Seriously, I really don't claim to understand so don't take this as a question of your experience. I would very much like to learn from the experiences of others. It just seems counter-intuitive to me. Please educate me. I do mostly pavement but would like to find a combo that allows me to get off road a few times a year without compromising too much of my handling and performance the rest of the time.

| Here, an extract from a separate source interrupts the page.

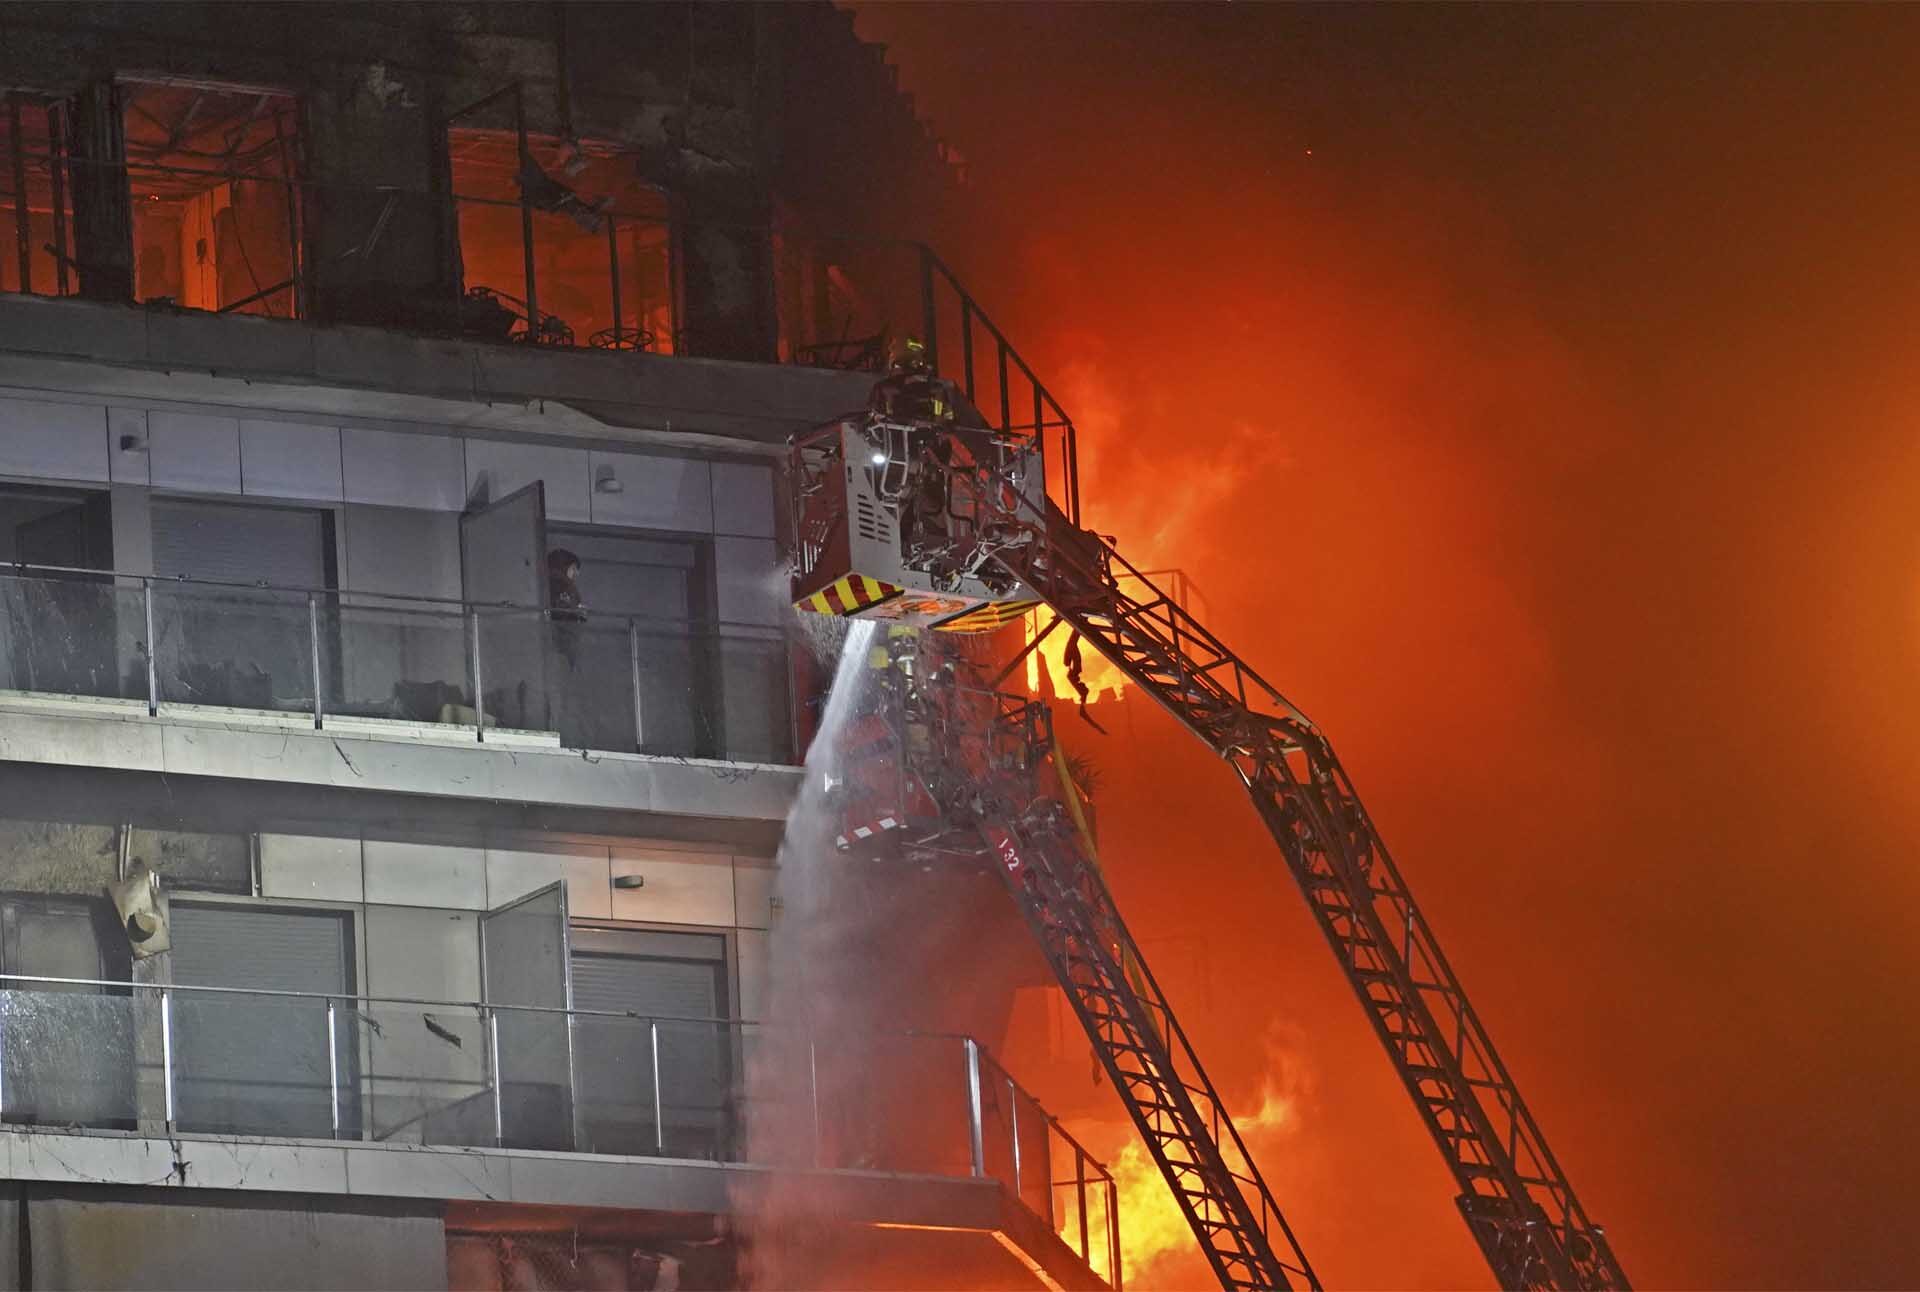 สเปนช็อก “ไฟไหม้เผาวอด” อพาร์ตเมนต์สูง 14 ชั้น สลดดับแล้ว 4 จนท.บาดเจ็บอื้อ

In dirt riding where most of your turning is done by counter-balancing, it's more important to have the front have a good grip on the terrain. Hence the knobby up front. It makes the bike easier to control. Fronts also wear slower than rears so they tolerate knobbies better. In the dirt a rear slide is easier to control because the bike tends to be more upright. In street riding where the tires have much, much more grip and you can lean the bike over to corner, most of your grip comes from the back tire. Having a less aggressive tread gives you more grip on the pavement. The smaller spaces and lower tread flexes less, puts more rubber on the road, give more grip and thus feels more secure. Wet performance is also related to compound and drainage. The front is primarily used to change direction so it doesn't need ultimate grip. This is obviously different from racing where you can spend a lot of time finding the optimal balance between front and rear grip on a predictable course that has a minimal amount of variables and distractions.

With the Heidenau's the tread construction is a good middle ground for dirt and street but the compound (and the bias-ply carcass) tends to be a little hard hence the complaints about grip. The tradeoff is it's very long wearing. I'd like to see the K60 in a radial. That might solve some of the grip issues.